His lean dark face went expressionless again. “I guess I don’t have any pressing ones at the moment.”

If he’d just quirked an eyebrow or smiled apologetically or done anything else, she’d have believed him. As it was, she had the feeling she’d just walked up against an electric fence: invisible but powerful.

The waiter presented the bill; Joe paid. Outside, the sun was sinking in the west over Puget Sound and the hazy line of the Olympic Mountains. It must be eight-thirty, but days were still long at this time of year. Teresa didn’t protest when Joe used his hand on the small of her back to steer her toward his pickup. As if she didn’t know where it was.

“Sure you don’t want to go to a movie?” Joe asked.

“I wish I could,” she said, meaning it. “But I’d better not. I have to be at work awfully early tomorrow.”

He nodded, and she wished she could tell if he had asked again only to be polite. The short drive to her house was mostly silent. She wondered what he was thinking, anticipated that moment when he’d turn toward her, hoped her children would be tactful enough not to dash out to meet her when they heard the engine. She should have rented them a video, something engrossing. Next time…

The pickup pulled into her long driveway. She needed to mow again, she noticed, with one tiny corner of her consciousness. The rest of it was occupied with agonizing. What if he didn’t kiss her? Maybe he’d invited her out because he’d felt cornered; she’d been obvious enough, coming right out and asking if he was married. Maybe he didn’t like direct women.

Then they might as well forget the whole thing right now, she admitted.

The pickup slowed, stopped. No dogs; the kids must have let them in the house. He killed the engine. The front door of her house didn’t fly open. He turned toward her.

Teresa took a deep breath and smiled. “Thanks for dinner, Joe. I enjoyed myself.”

“Me, too.” His voice had roughened slightly. With surprising awkwardness, he said, “I don’t suppose we have an awful lot in common, but…maybe we could do it again.”

Was that a brush-off?
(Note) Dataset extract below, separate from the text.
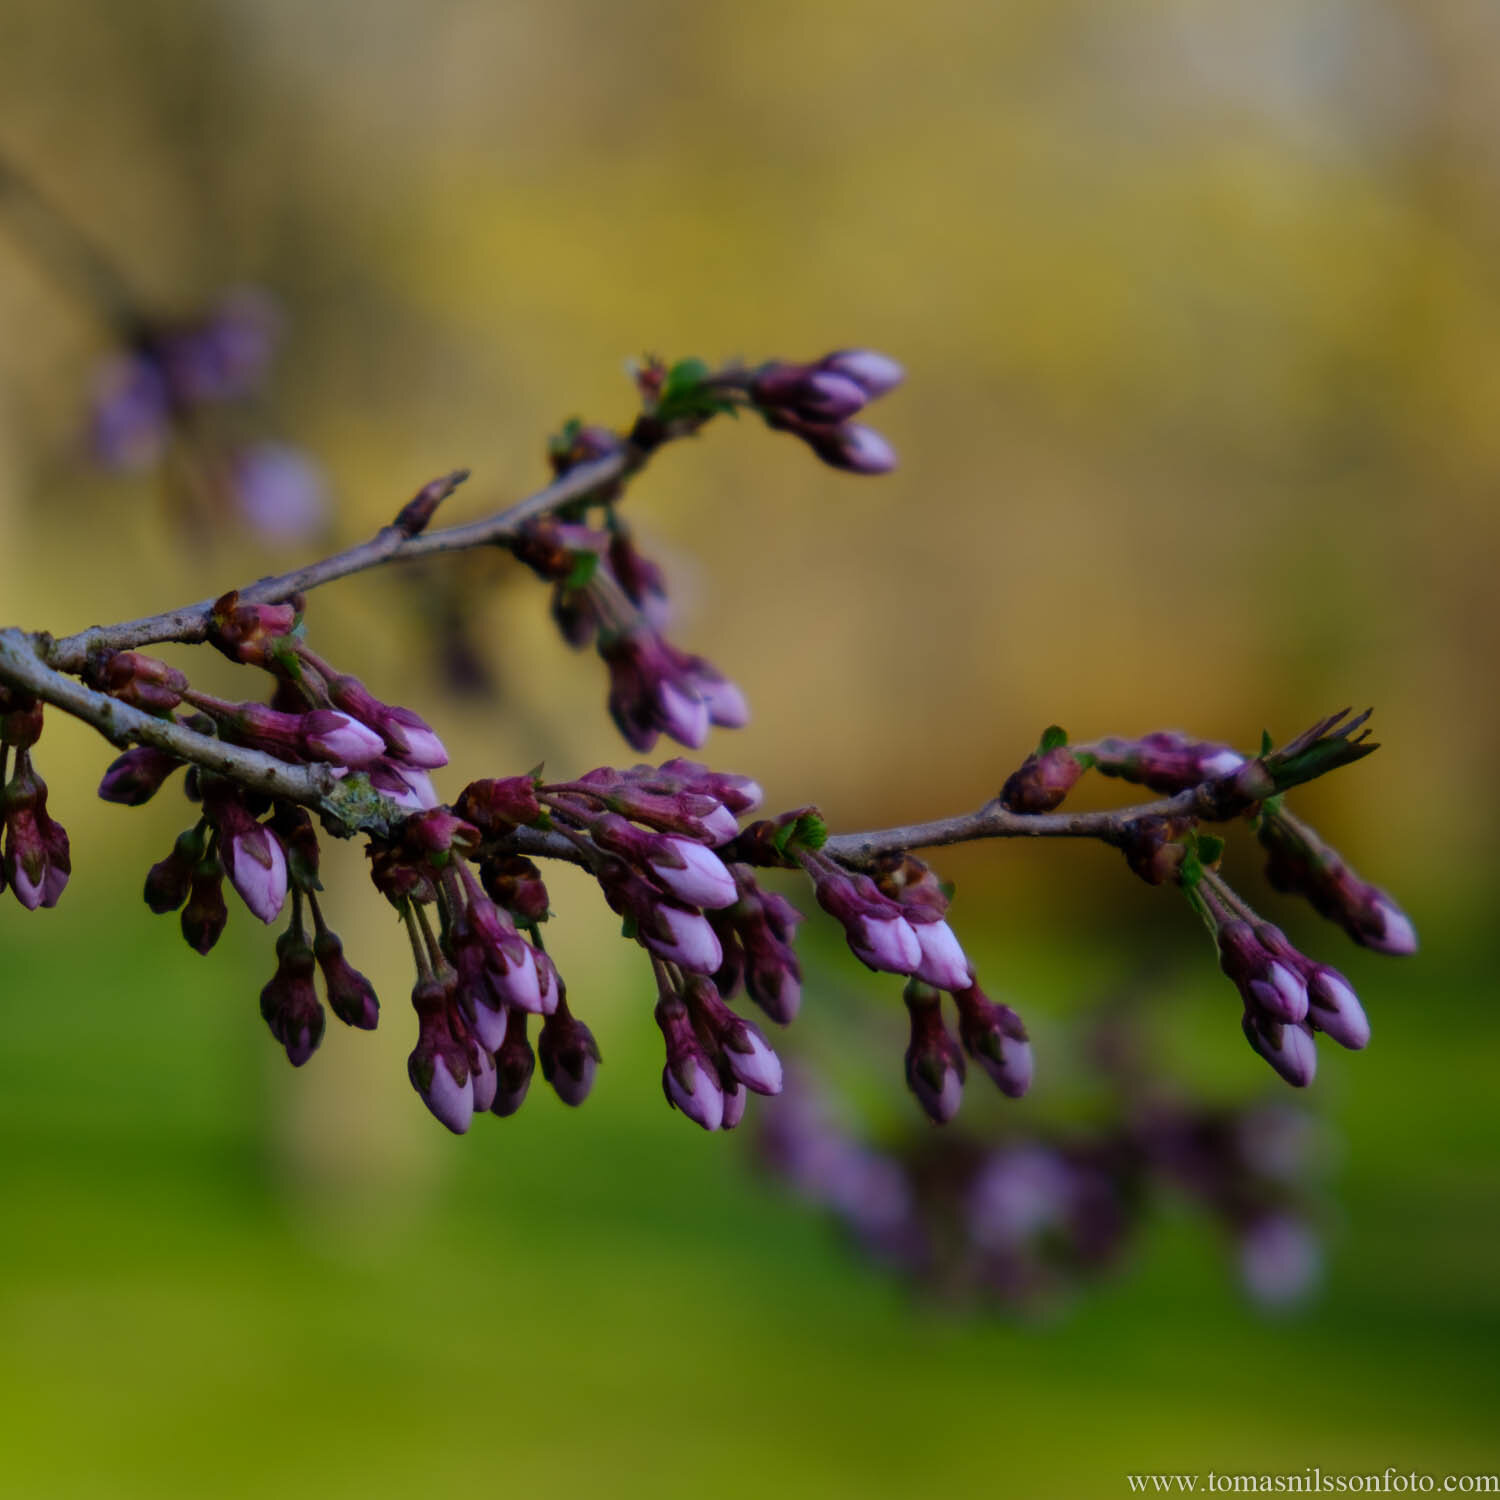 Day 115 - April 25: Purple Buds

Good Lord, why was she panicking? This was a first date! If it worked, it worked. If it didn’t, it didn’t.

“Sure,” she murmured.

He reached out more tentatively than she might have expected, although his hand was solid and warm on the back of her neck. His thumb traced a circle around the bump of her vertebra, which had the effect of tapping a Morse code directly into her spinal cord. This feels good. More. More.
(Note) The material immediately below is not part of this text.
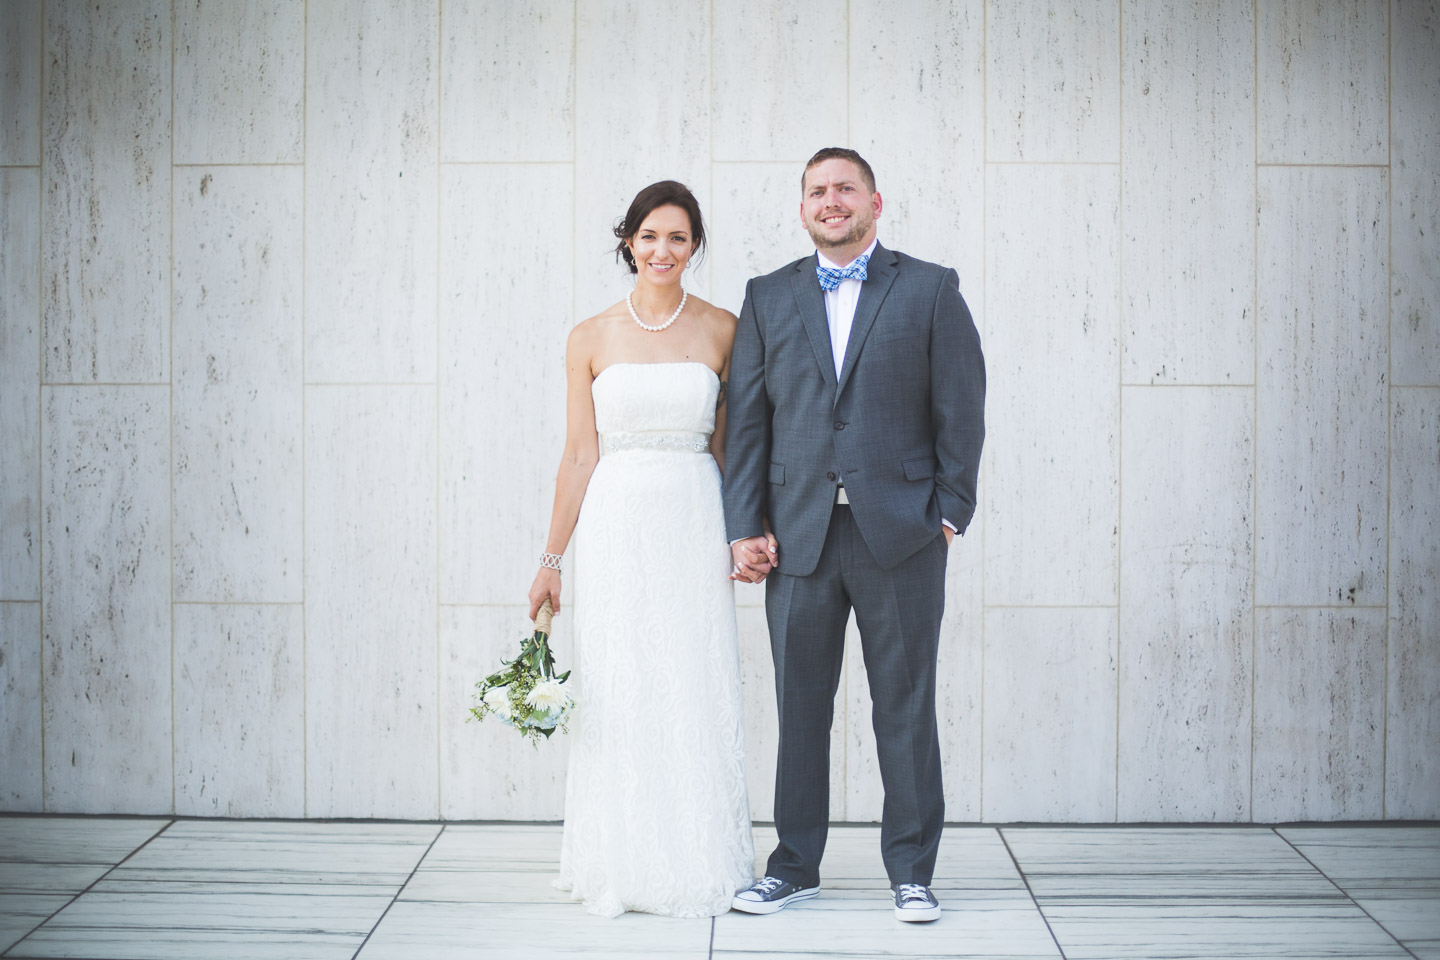 Detroit-Michigan-Wedding-Photographer-Photography-Bride-Groom-Couple-Pearls-Bowtie-Converse

He bent his head as though giving her time to withdraw. Fat chance. His lips were soft and dry and as warm as that big hand, gently massaging her neck. Their mouths brushed together, once, twice, before his settled more firmly on hers and nudged her lips apart. By that time, she was enthusiastically participating.
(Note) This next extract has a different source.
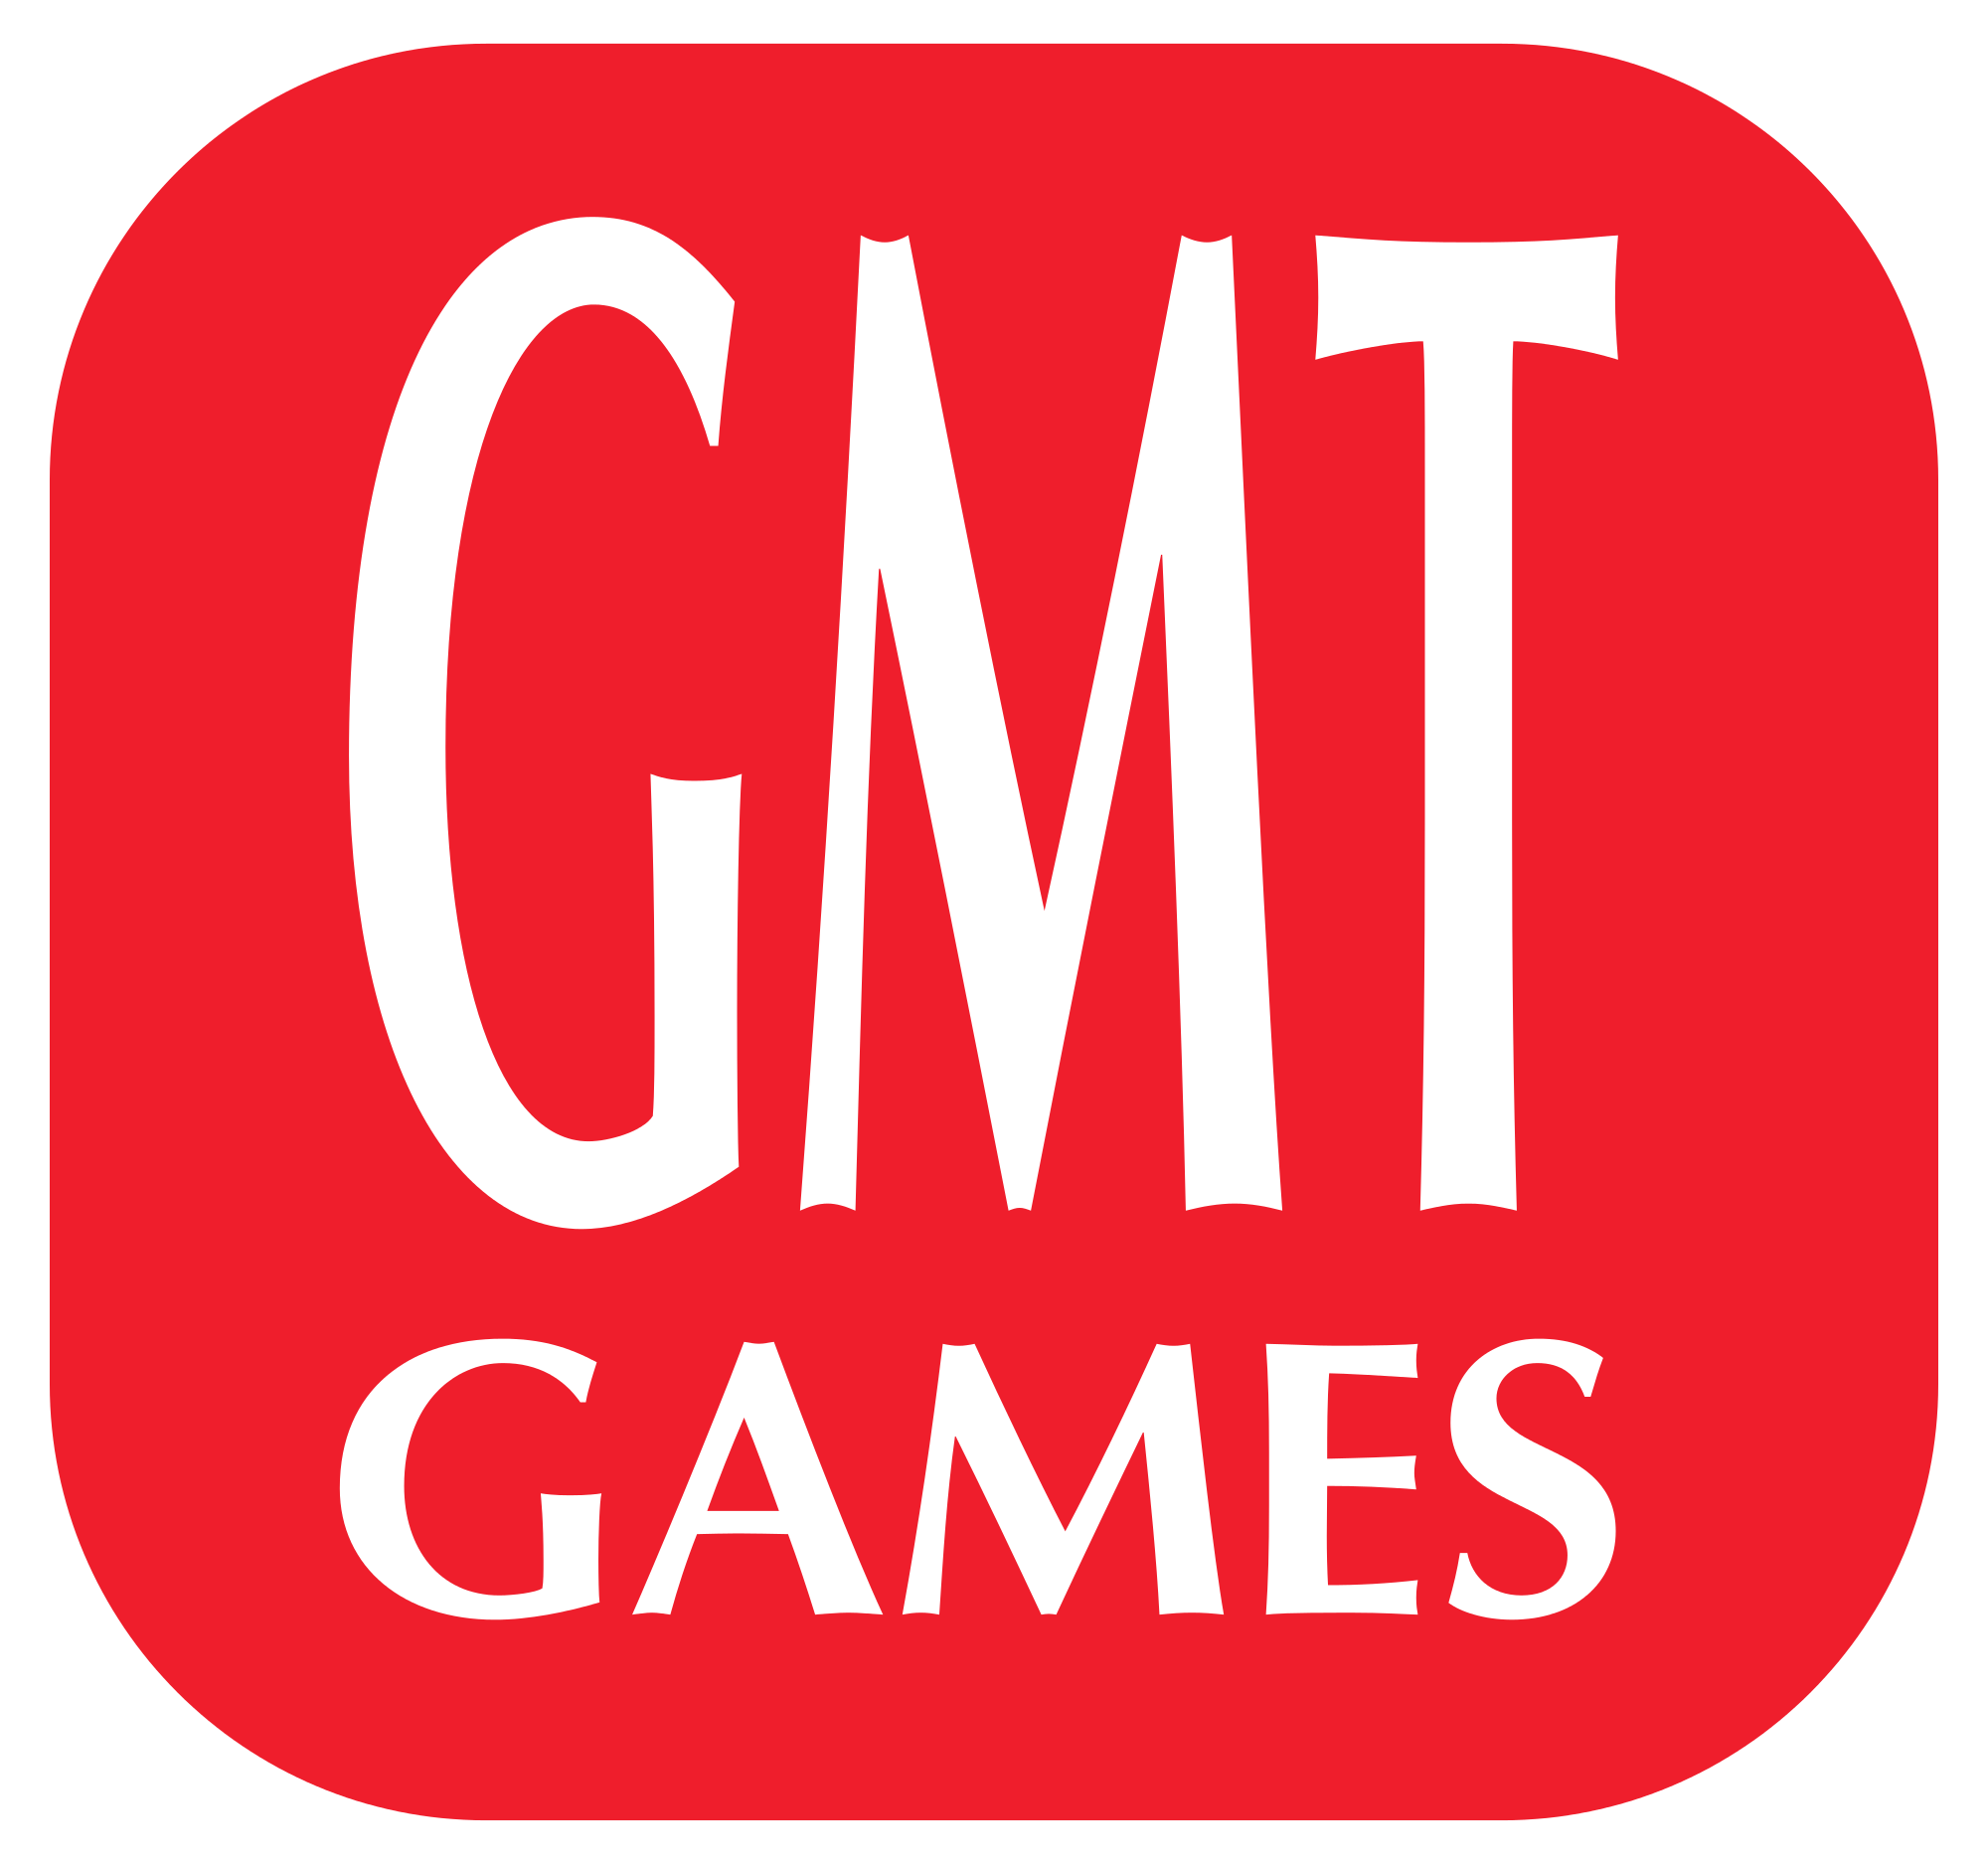 GMT games logo

If he minded her leaning into him and nibbling at his lower lip, his groan wasn’t a good way of telling her. His other hand gripped her upper arm and tugged her even closer. Somehow his mouth was hot and damp now, and his tongue had touched hers, circled it just like his thumb was circling on her nape. She felt as mindless as a teenager making out with the object of her first crush.

More. More.

Joe was the one to pull back a little and let out a shaky breath. “I think,” he said huskily, “we’d better say good-night.”

“Good-night?”

“Isn’t that the appropriate way to bid someone farewell in the evening?”

Consciousness was returning. She tried to straighten with dignity. “I knew what you meant.”

“Good.” The trace of amusement in his voice didn’t show in the molten blue of his eyes. His hand tightened on her neck, then released her. “How about a movie next week? I’d suggest tomorrow night, except…”

When he hesitated, she finished, “I might have a rebellion on my hands. Next week sounds good.”

He muttered something inarticulate, gave her a quick hard kiss, then got out. She was dazed enough to wait until he came around and opened her door, offering a hand to the little lady so she could hop down from the high seat. He walked her to the door, smiled, his eyes intense, touched her cheek and left her there.

It was the first time since her husband’s death she’d gone out with a man she wished wasn’t leaving.